### Work task
Copy word for word the lines in the records below, starting at the line with "Practical Garden Railways" and ending at the line with "Nebula Stealth - Mind FHEllow | OpenSea". Skip the pictures.

-- Given records follows --

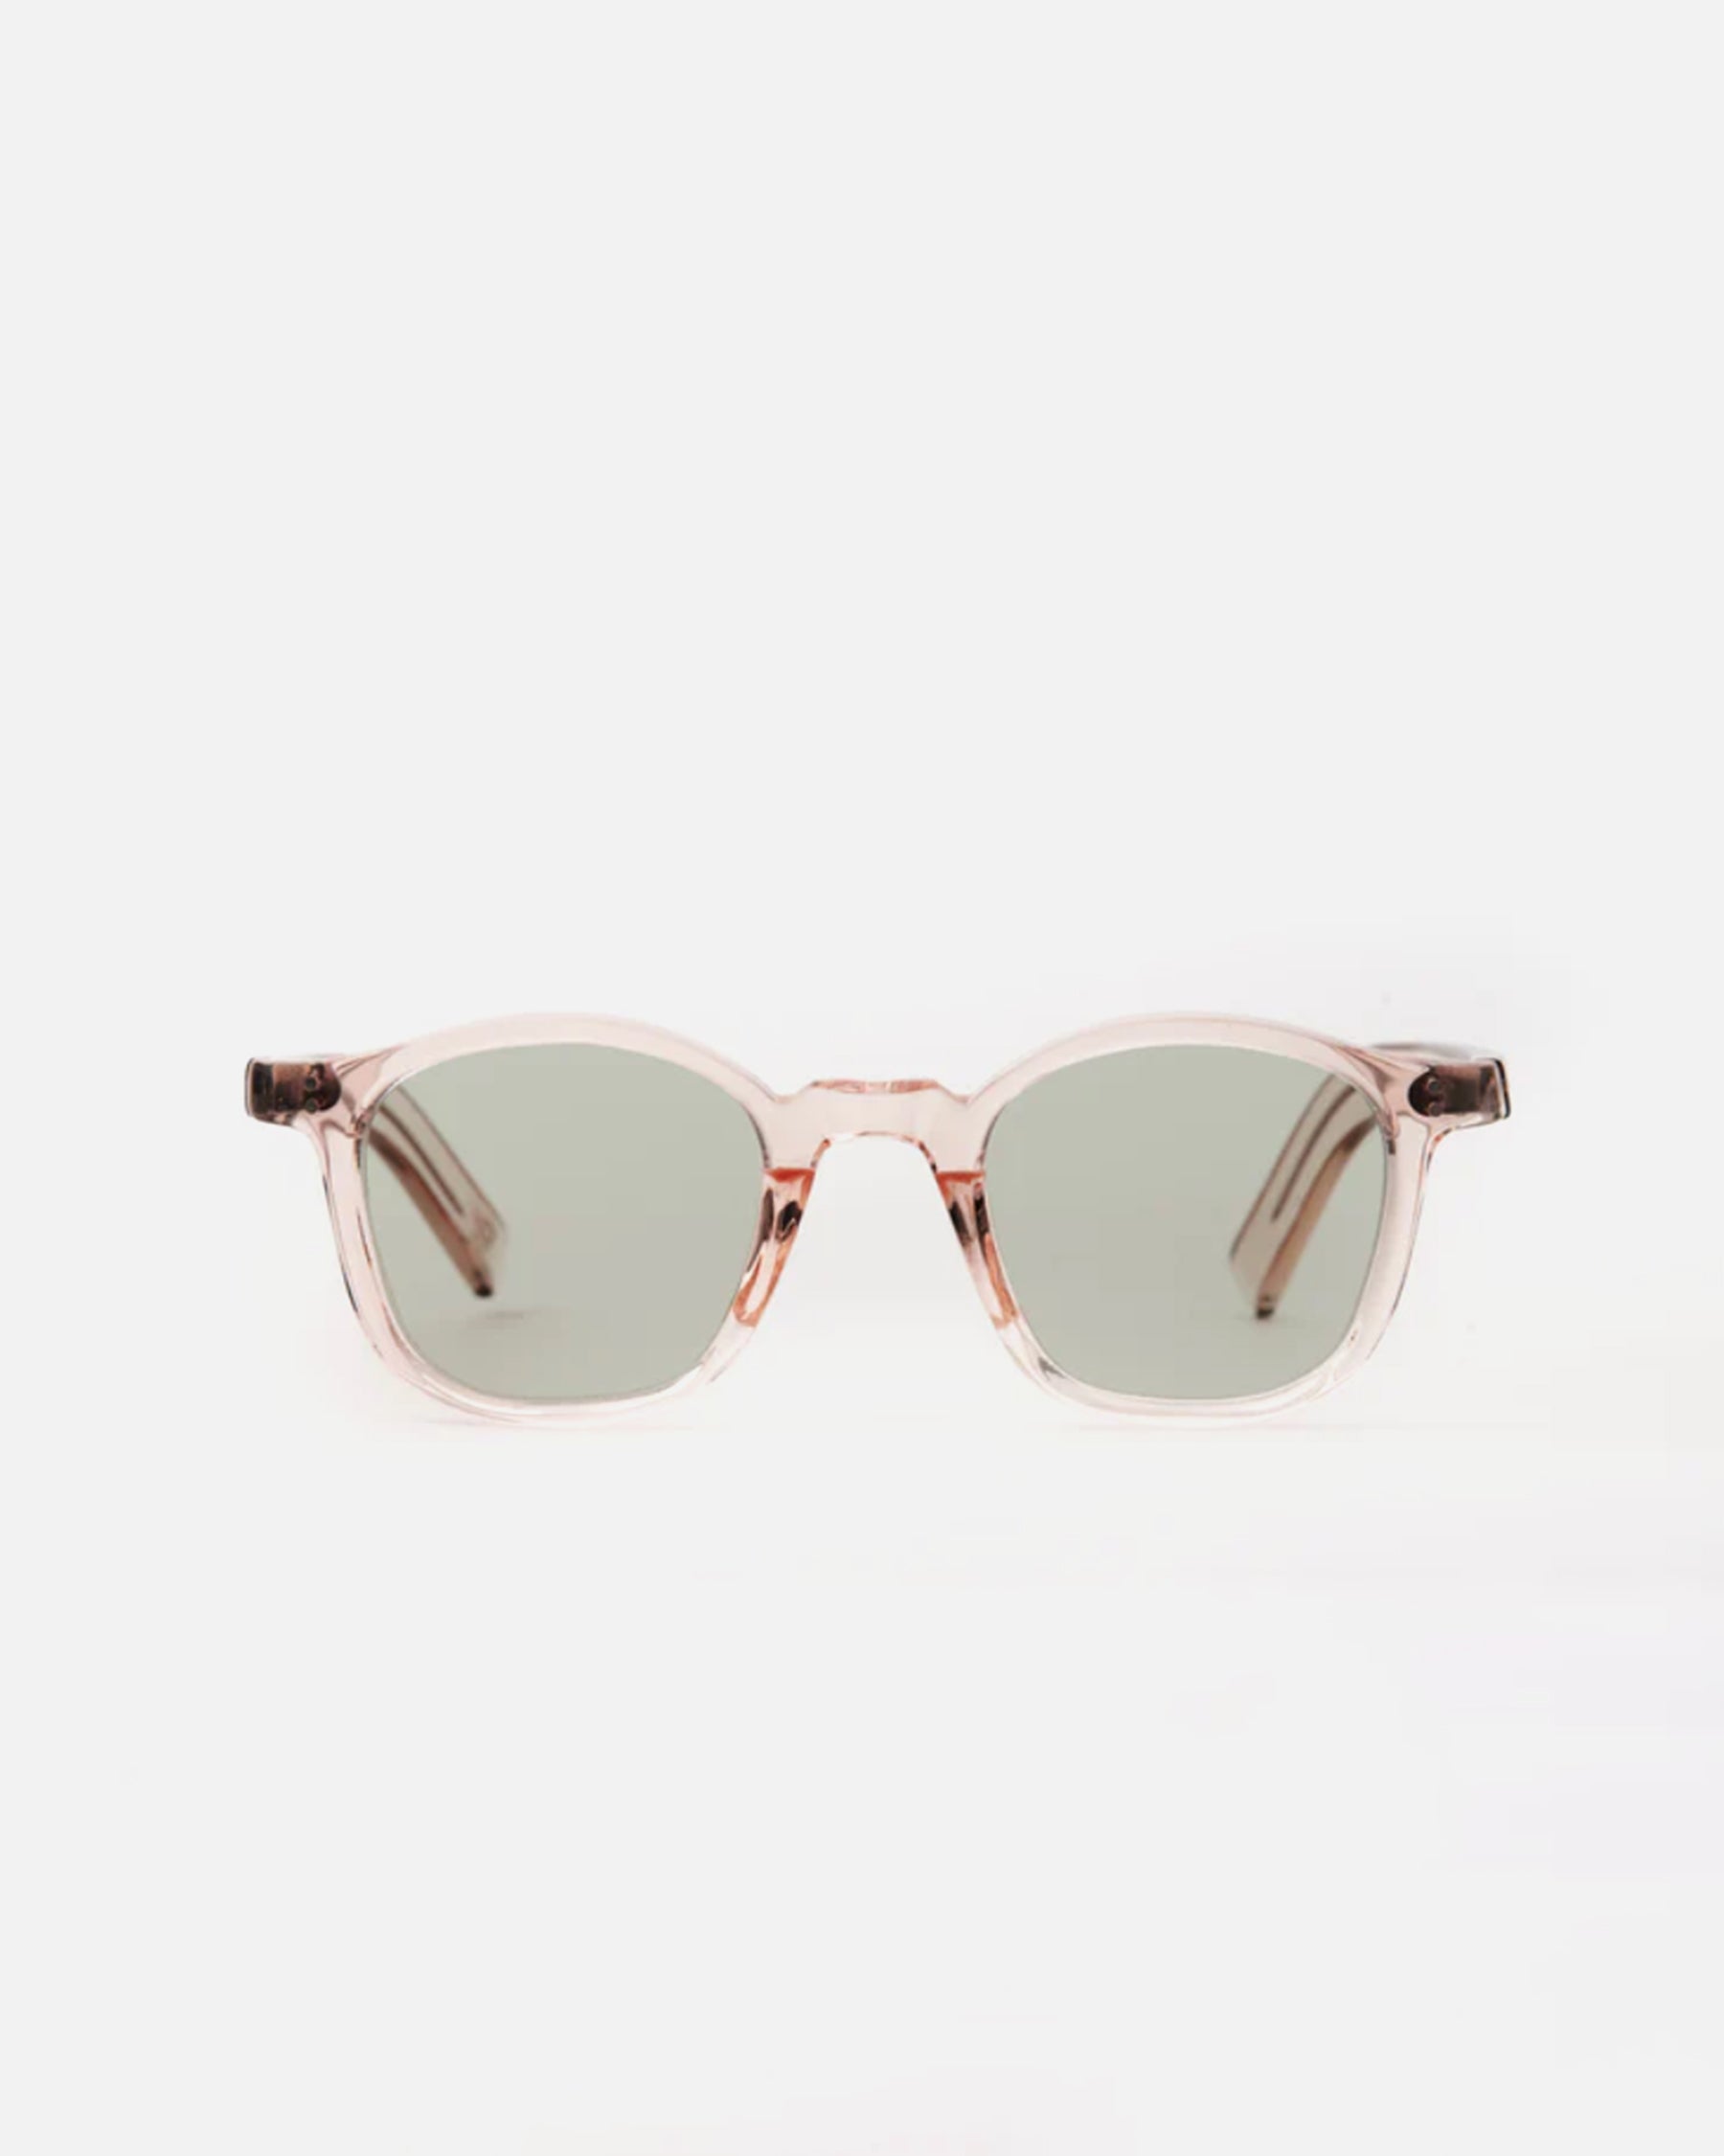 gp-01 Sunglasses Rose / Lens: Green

-- Given records concluded --
-- Given records follows --

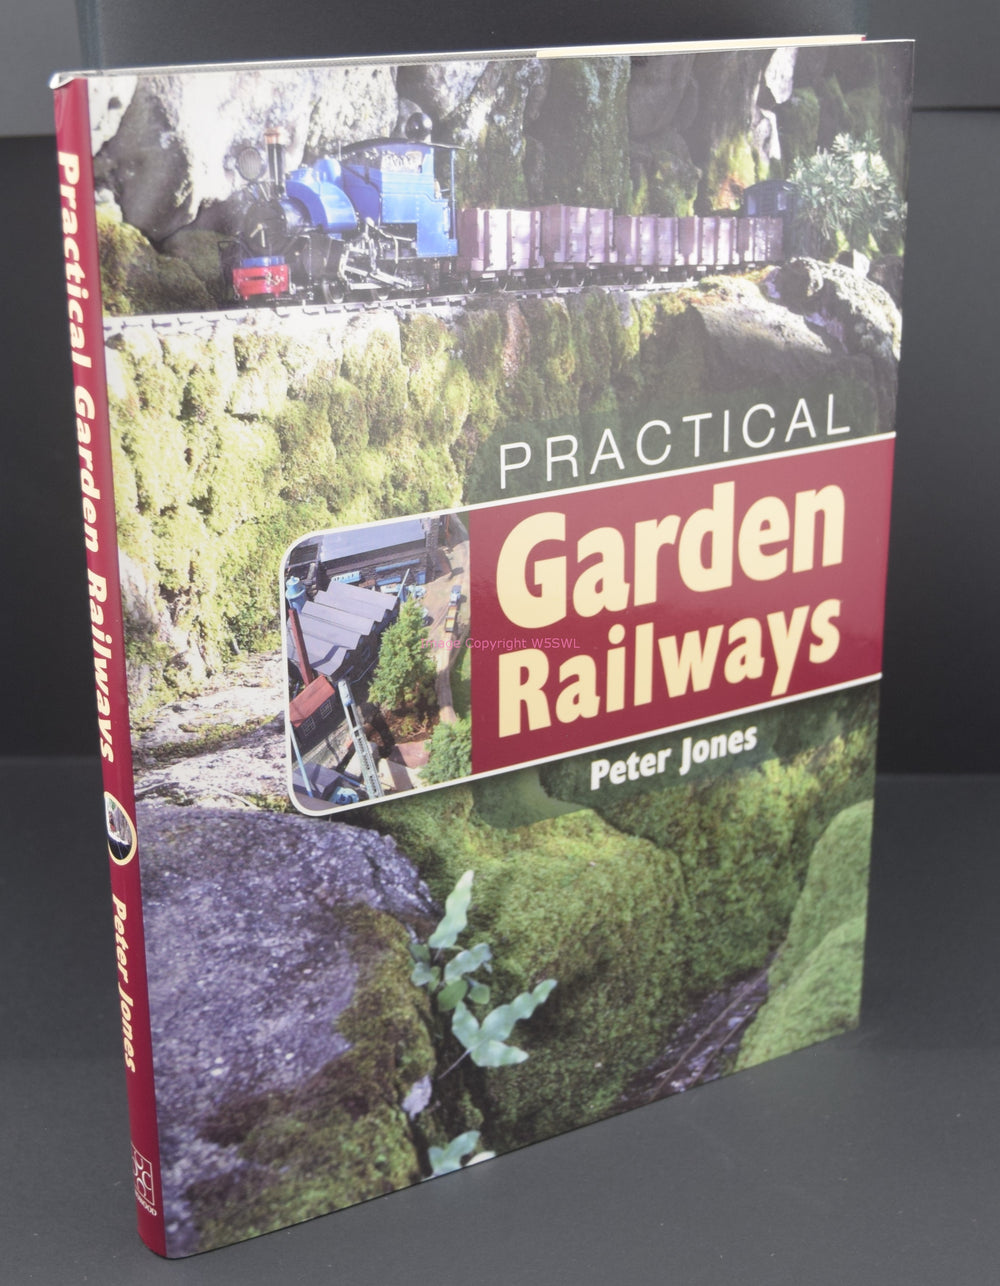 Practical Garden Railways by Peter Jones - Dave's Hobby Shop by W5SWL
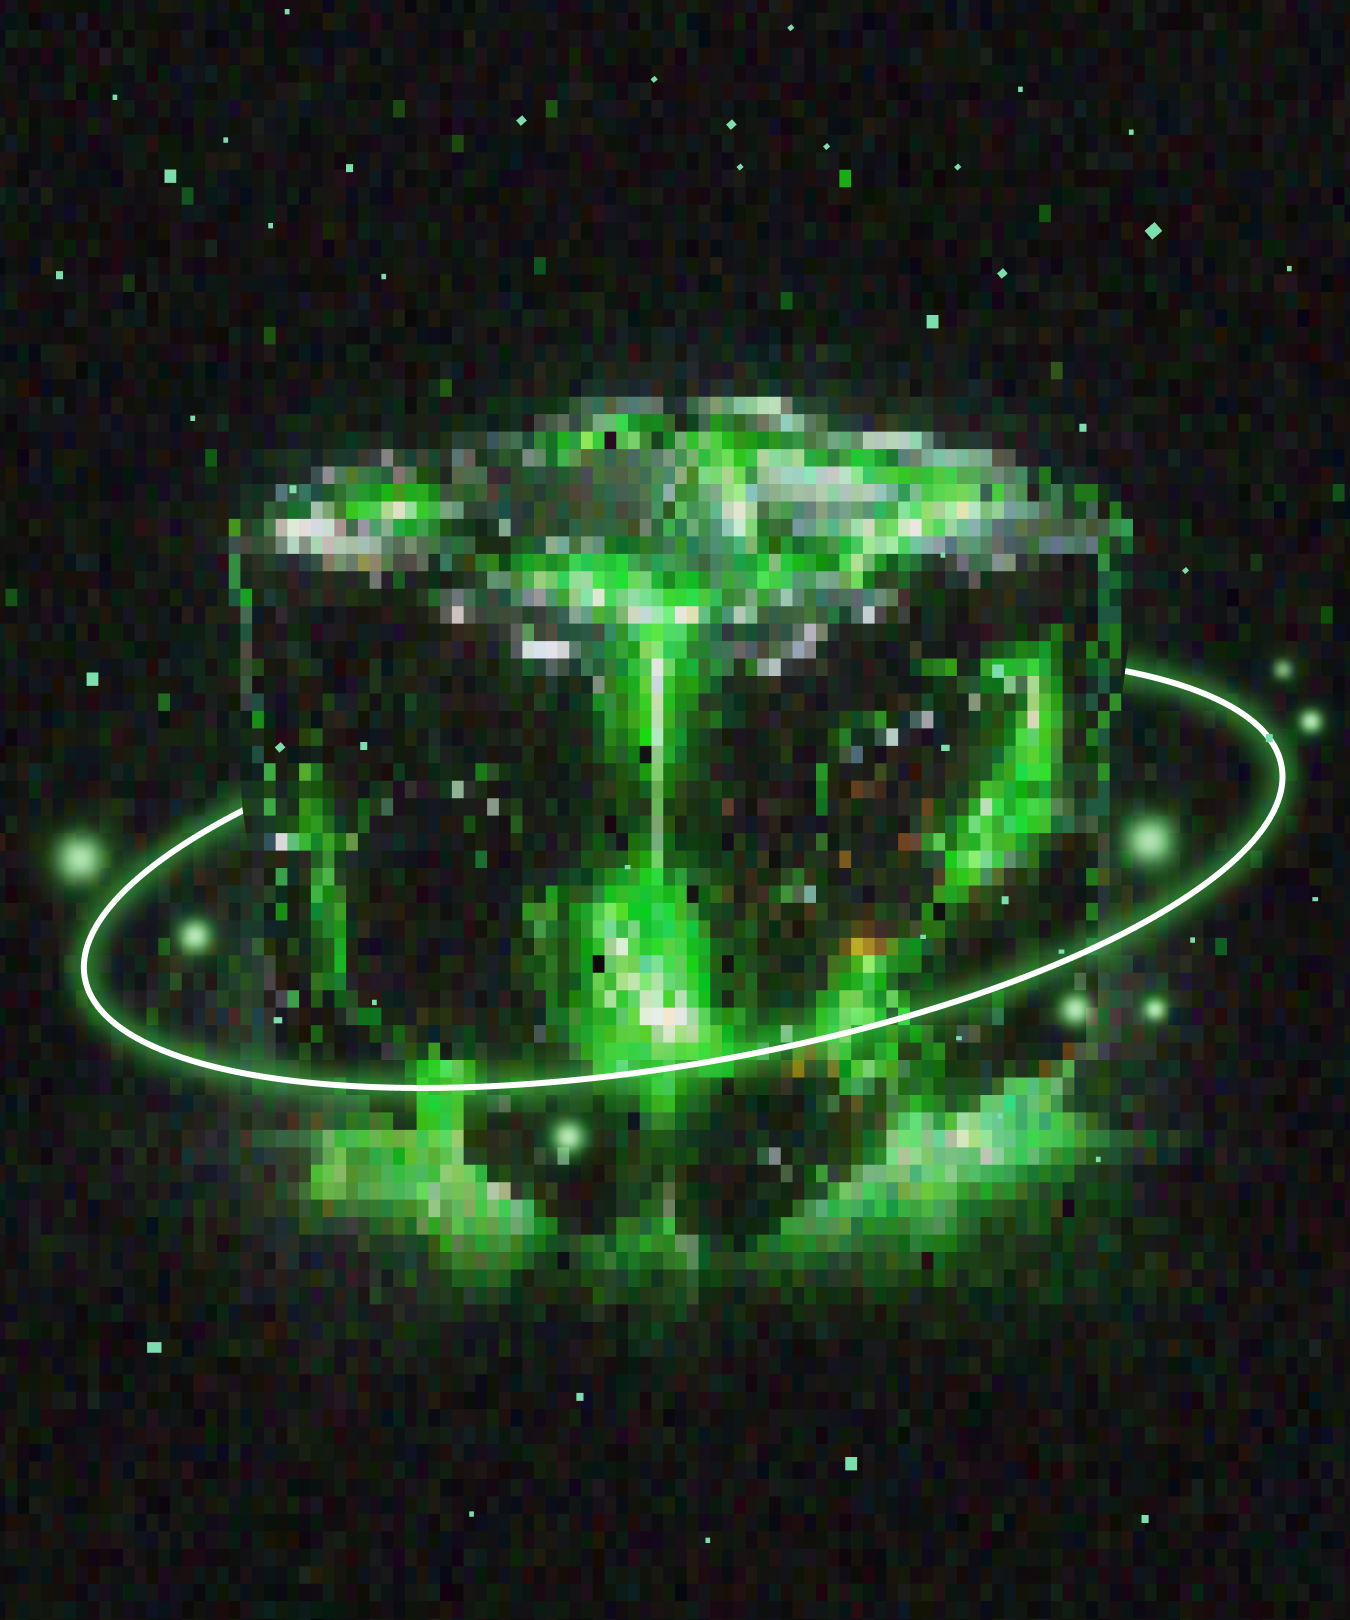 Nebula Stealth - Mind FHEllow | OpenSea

-- Given records concluded --

### Result below
 Practical Garden Railways by Peter Jones - Dave's Hobby Shop by W5SWL
 Nebula Stealth - Mind FHEllow | OpenSea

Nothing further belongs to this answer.